Por: Por: Paulo César Gaibor
Vivimos tiempos donde la política se ha convertido, cada vez más, en un ejercicio de escenografía. En lugar de enfrentar los problemas de fondo que aquejan a nuestras sociedades —violencia, desigualdad, degradación ambiental, guerras, pobreza—, los líderes de hoy prefieren ofrecernos símbolos, gestos grandilocuentes y batallas culturales vacías, que alimentan el ciclo incesante de titulares y redes sociales.
No puedo dejar de pensar en el viejo relato bíblico del becerro de oro. Mientras Moisés buscaba en lo alto del Sinaí un código moral y legal para un pueblo recién liberado, abajo el pueblo, impaciente, se entregaba a la adoración de un ídolo fabricado con sus propias joyas. Querían algo visible, inmediato, tranquilizador. ¿No estamos haciendo hoy lo mismo en la política?
En un mundo cruzado por conflictos profundos —Ucrania, Gaza, Sudán, las periferias olvidadas del planeta—, hay quien prefiere celebrar la prohibición del ingreso de personas trans al ejército, como si ese gesto fuera a detener una sola bomba, a salvar una sola vida.

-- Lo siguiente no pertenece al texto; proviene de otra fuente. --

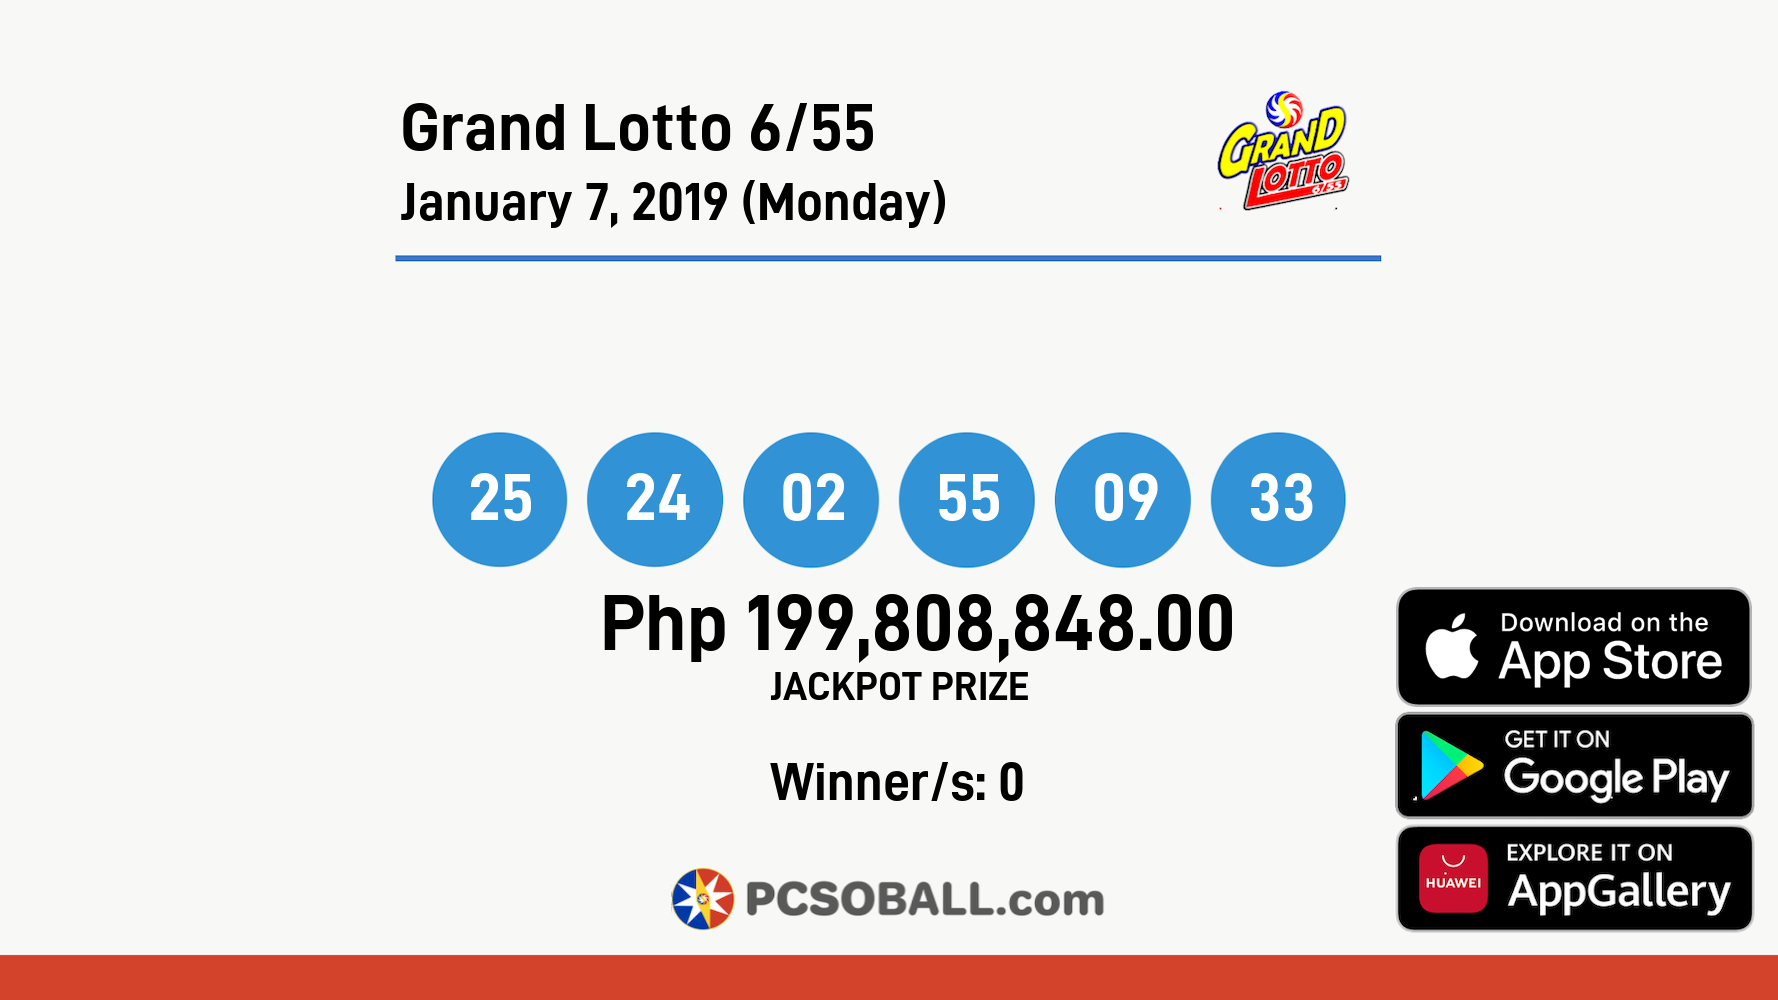 Grand Lotto 6/55 January 7, 2019 (Monday) Result

Las comunidades se alegran cuando la Iglesia reitera su concepción tradicional del matrimonio, pero guarda silencio ante la violencia doméstica que se perpetra en miles de hogares creyentes. Gobiernos se llenan de aplausos al prohibir el lenguaje inclusivo, mientras sus sistemas educativos colapsan, sin inversión, sin equidad, sin calidad.
Estos son los falsos ídolos de la política moderna: temas que se inflan hasta ocupar toda la conversación pública, pero que desvían nuestra mirada de las reformas estructurales que realmente podrían mejorar la vida de las personas.
Detrás de esta estrategia hay un diseño comunicacional calculado. Se busca aparentar un cambio radical —“vamos a recuperar valores”, “vamos a limpiar el idioma”, “vamos a defender tradiciones”— mientras en lo sustancial todo permanece igual: los sistemas económicos injustos, la concentración de poder, la falta de oportunidades, el deterioro ambiental, la precariedad de la vida cotidiana.
Es más fácil generar adhesión emocional en la ciudadanía movilizando guerras culturales que enfrentando los costos y resistencias que supone transformar el sistema de salud, garantizar educación de calidad, enfrentar la violencia de género, reformar la estructura fiscal o pacificar un país dividido.
Estamos, pues, ante una política que ha sustituido el arte de gobernar por el arte de la puesta en escena. No se gobierna con ideas y políticas, sino con símbolos. No se persigue el bienestar colectivo, sino el refuerzo de identidades tribales. No se convoca al pensamiento crítico, sino a la adhesión visceral.
Como ciudadanos, tenemos la responsabilidad de no caer en esta trampa. De exigir debates serios sobre los temas que importan. De no contentarnos con becerros de oro de ocasión. De recordar que el verdadero liderazgo no consiste en fabricar ídolos que adoramos en medio de la crisis, sino en tener el coraje de mirar la crisis de frente y proponer caminos hacia su superación.
Porque mientras la política se entretiene en sus rituales vacíos, la realidad no espera. Las brechas se agrandan. La violencia escala. Las oportunidades se reducen. Y el pueblo, al igual que en el antiguo relato, corre el riesgo de perderse en la adoración de espejismos, mientras el verdadero desafío de construir un futuro digno queda, una vez más, postergado.